Reflections on GDPR
Table of Contents
GDPR's sunrise date looms large, with only 6 short days to go before fines start racketing up. This panic has lead to an ever increasing amount of teeth-gnashing on Twitter/HN/other websites, particularly killing "startups" like Klout and Unroll, both of which I've gleefully celebrated on Twitter. These startups relied on a specific form of "advertising", which was far less like advertising and more akin to direct mailing, as Doc Searls writes. In light of this schadenfreude, I thought it best to reflect on how we got here, from the first proposed technical solution, to the light-touch regulation solution, and finally big daddy GDPR.
1. Facebook
Facebook revolutionized the ad industry by becoming the largest database of human interaction. This is obviously a glib statement, as it ignores the enormous technical challenges Facebook conquered in becoming the market leader, but Facebook's "golden years" (circa ~2006-2010) allowed personal data to roam free on the internet and developers played fast and loose with its implications. Data breaches were not considered a huge problem, as identity theft and fraud vectors were unsophisticated and the average user was far more vigilant of their online data. As more and more users flooded into the internet, whether for Facebook, Amazon, LinkedIn, Twitter, or any and all other forms of social media, the party seemed like it would never stop.
Ads during this time were also less intrusive, as the ability to hyper-target ads were relatively rudimentary. Advertisers had not developed sophisticated ways of tracking like tracking pixels, and simply clearing your cookies got rid of most of the targeting. Data had yet to be connected between companies at well, meaning that there was no distinction of "customer intelligence", as storing massive amounts of user data meant there was more headache, more server costs, and more stuff to manage.
2. DNT
DNT (Do Not Track) was originally proposed in 2010, which, under the auspices of the W3C, is still in the standardization process. Although it started to roll out to browsers in 2010, Microsoft hilariously faced a riot from ad companies about automatically enabling it. DNT was a camel in all forms, it had to be surfaced to the user in a settings box, must not be enabled by default per an agreement with the Digital Advertising Alliance, required a specific HTTP header, and provided no obvious benefit to the majority of users. Worse yet, code changes in Apache and Nginx were not technically required, nor were advertisers bound legally to respect DNT. Members of the Digital Advertising Alliance, despite launching a series of articles slandering DNT, are not actually bound to respect DNT!

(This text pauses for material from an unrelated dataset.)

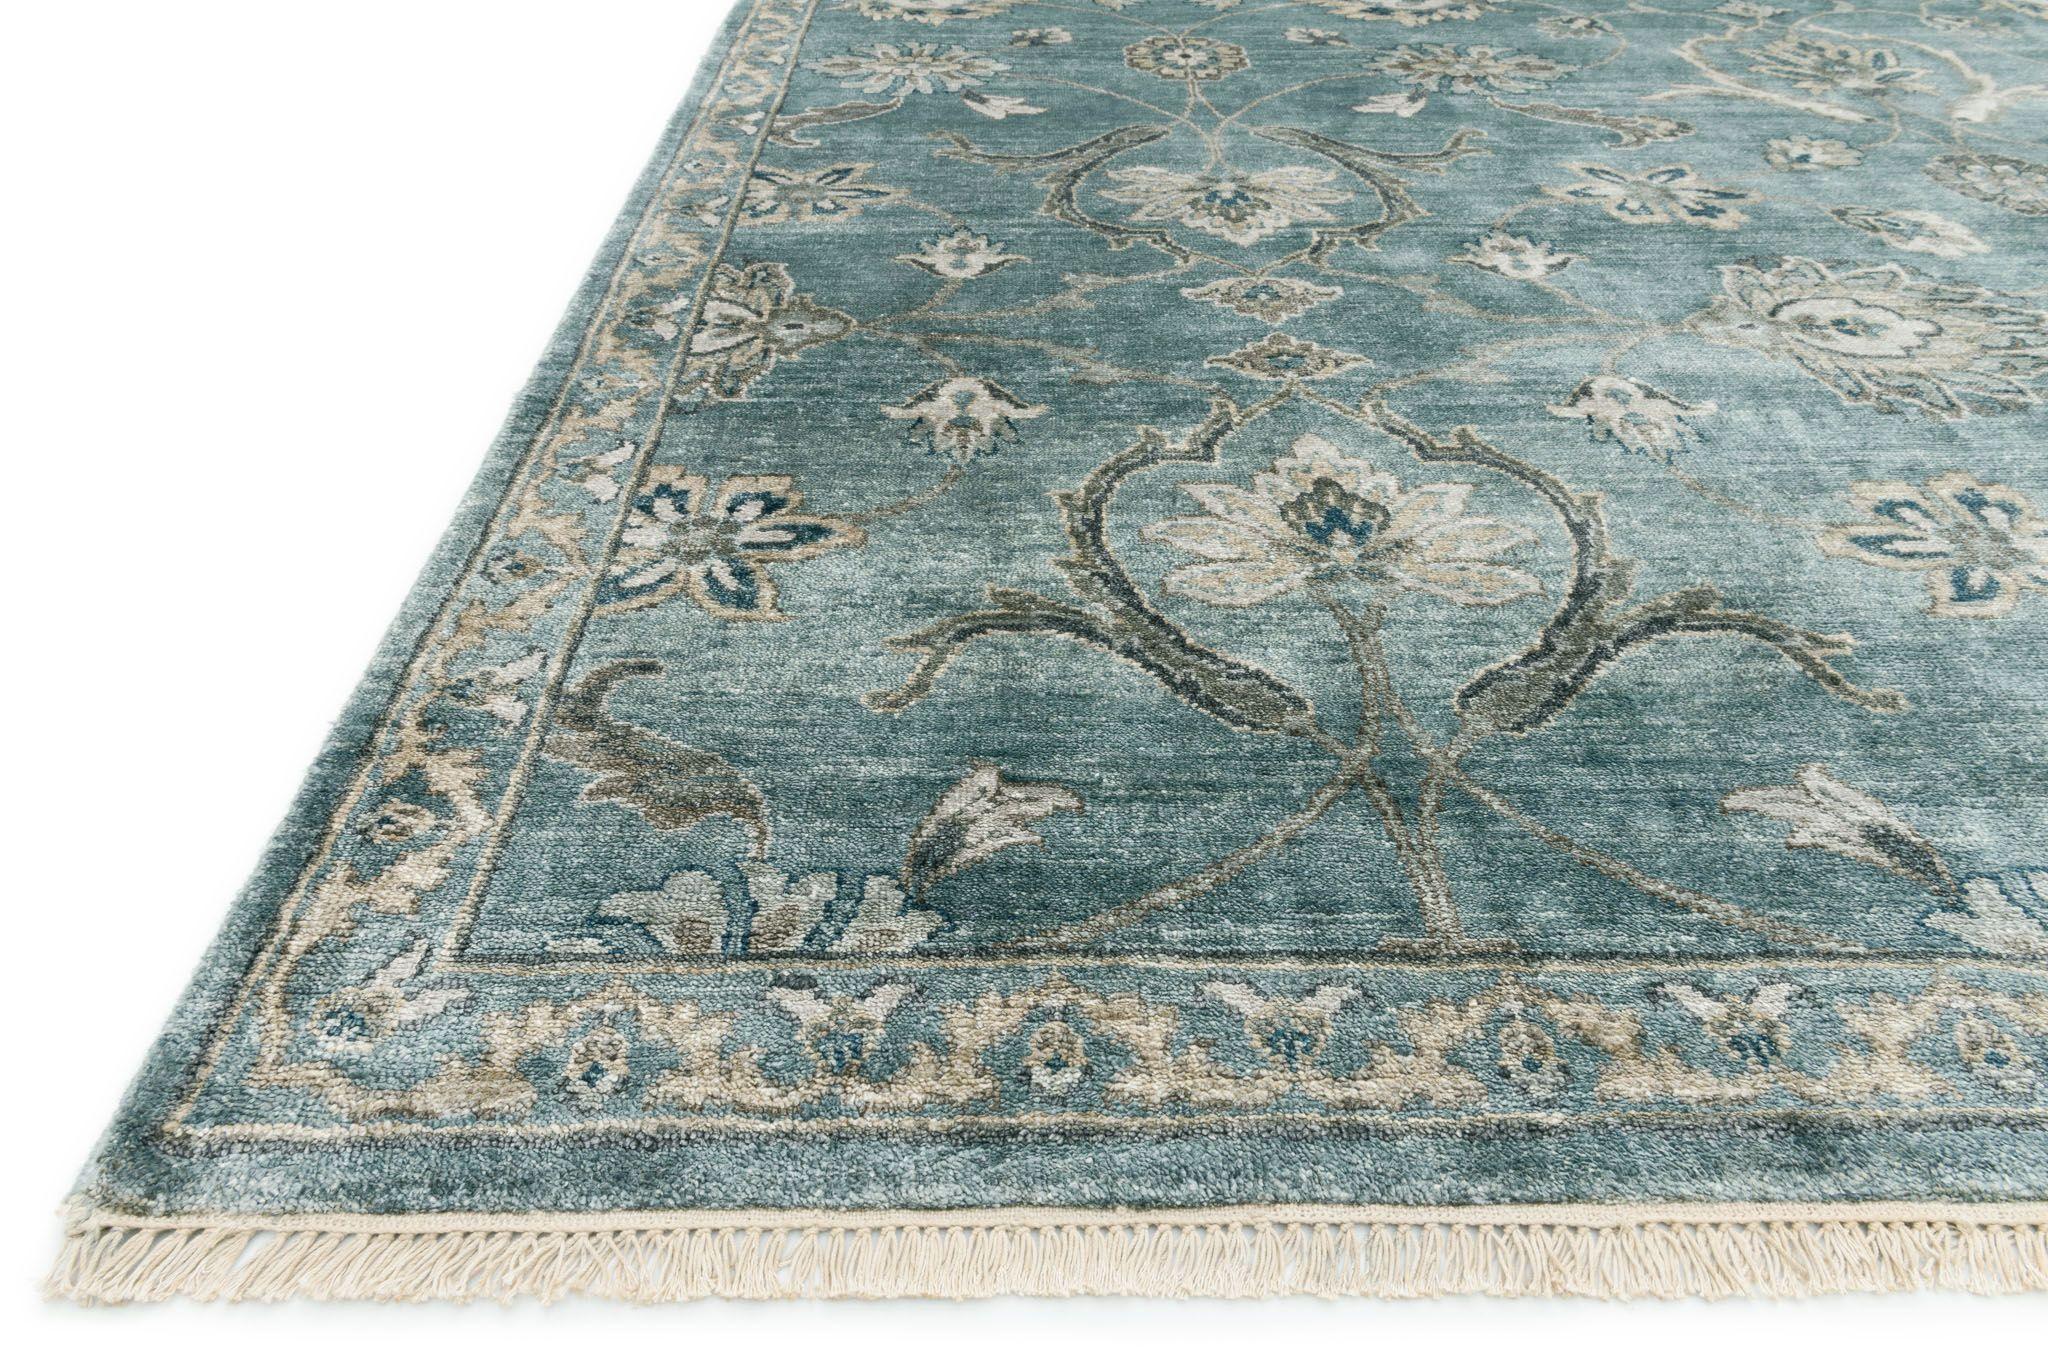 KG 01 Blue Fog Kensington Collection area rugs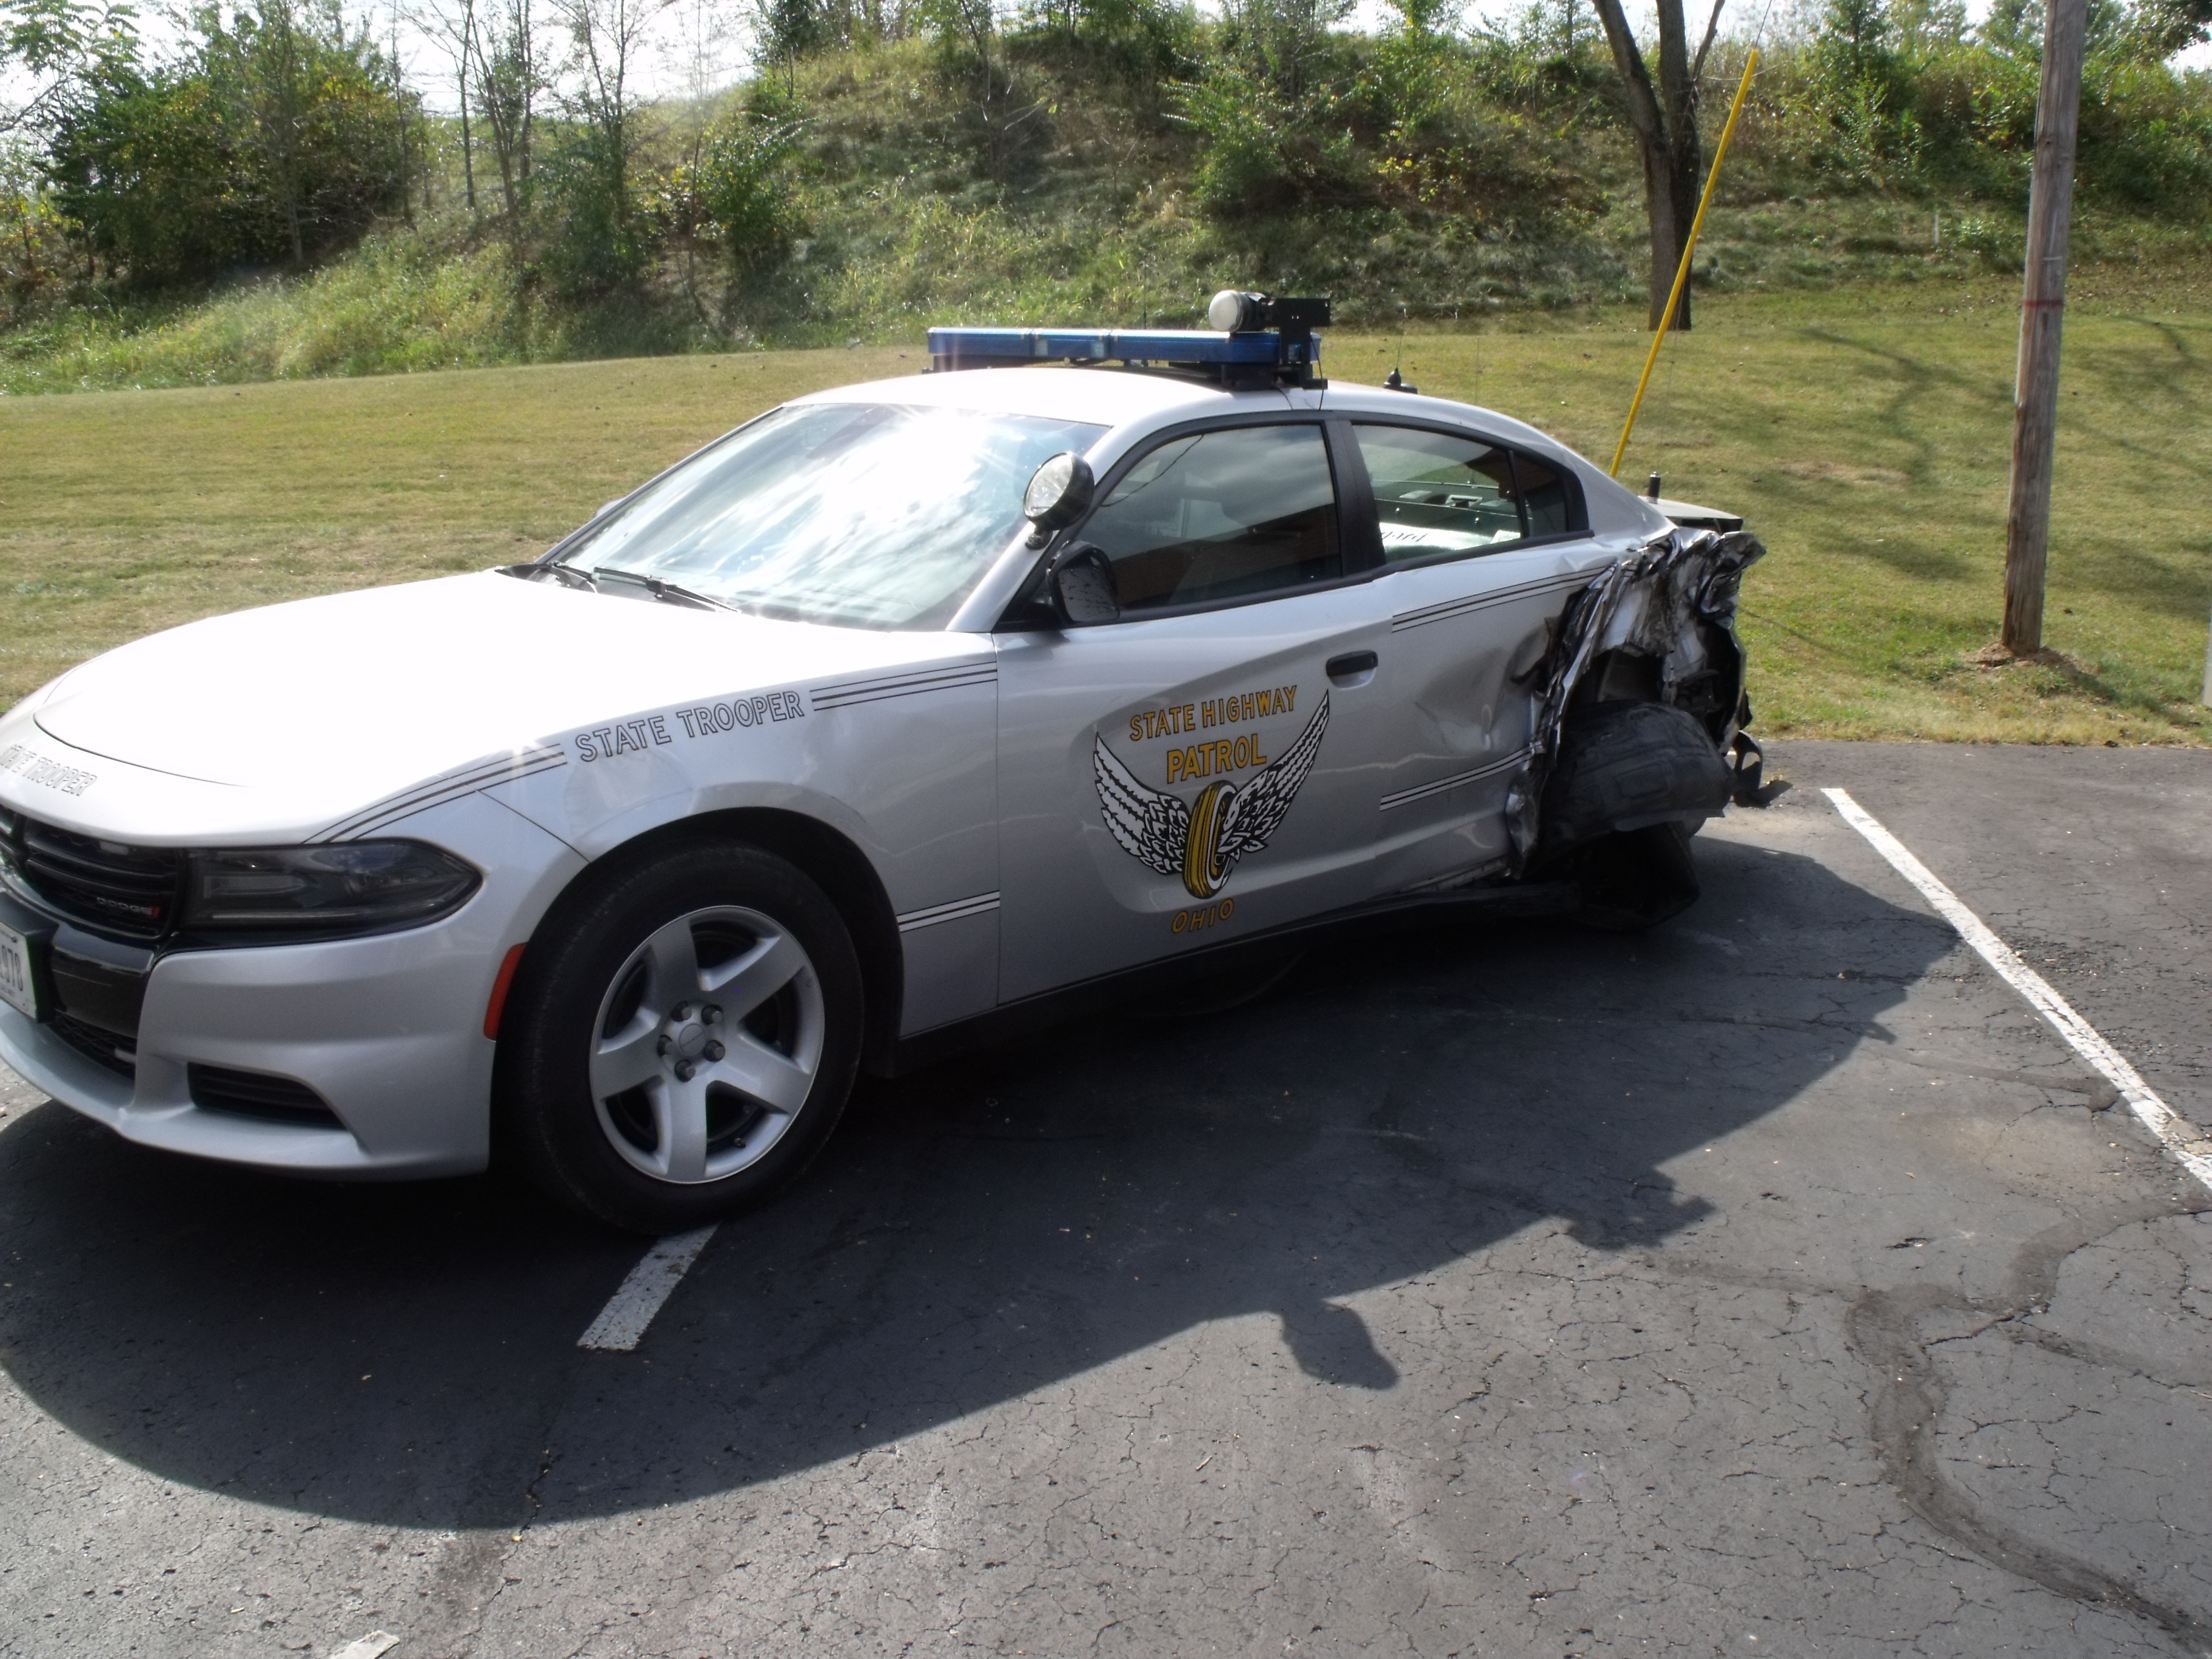 BREAKING: Ohio State Patrol Crusier Struck on I-71 in Pickaway County - Scioto Post

The first attempt to respect user privacy was technological in nature, born out of researchers and guided through the W3C. However, the process was repeated torpedoed by companies, which Google and Facebook simply stating that they would not respect DNT, digital advertisers simply ignoring it while attacking DNT, and the death knell was the W3C's committee process, which leaves companies wiggle room.
3. Cookie Banners
DNT was effectively dead in 2013. Google and Facebook refused to respect it, and the majority of users barely knew of its existence. However, in 2011, an EU directive (not regulation, therefore does not come into effect immediately) gave users the right to refuse the use of cookies in tracking. In order to comply with the cookie law, companies were required to inform users about the possible usage of cookies, often showing up as large banners across the site. The law specifically required companies to tell visitors how cookies are used, although this often manifested itself in banal comments such as "we use cookies to enhance your site experience". The "cookie law" was a light touch regulation, and gave companies significant berth to determine what needed to be done and how to reign in user tracking.
Yet, around this time non-cookie forms of tracking became popular as well. Tracking pixels, web beacons, and other forms adopted around this time gave companies data that lay outside the legal ramifications of the cookie law. Although PR warfare was out of the question this time, the loose regulations of the cookie law did not meaningfully help to increase user privacy on the web.
4. GDPR & Ad Blockers
Which brings us to today, and the looming GDPR sunrise date. Ad-blocking today is itself a massive industry, with more than 1.7 billion people actively using ad-blockers. This is all coupled to the "arms race" of ad-tech and digital advertising, as more companies seek to harness user data in order to get better "analytics", although GDPR has exposed that the majority of this data is simply wrong. Is it any wonder advertisers are desperate for more user information if Twitter is this bad at ads?
The past decade has seen a remarkable growth in cheap bandwidth and massive smartphone adoption. Conjoined with the development of using machine learning to leverage user data for advertising, more users across the web, and cheaper storage + server costs, the ad-tech industry has ballooned. GDPR is the first backlash against it, as more users adopt ad-blockers and see the ad-tech industry as the enemy. The best case solution for the advertisers is that GDPR sets firm guardrails against what ad-tech companies can and cannot do, and these companies choose to abide by these rules going forward. Yet, as history has shown us, the ad-tech industry is hilariously bad at self-regulating, which means that GDPR is just one of many regulations coming in the future to reign in ad-tech.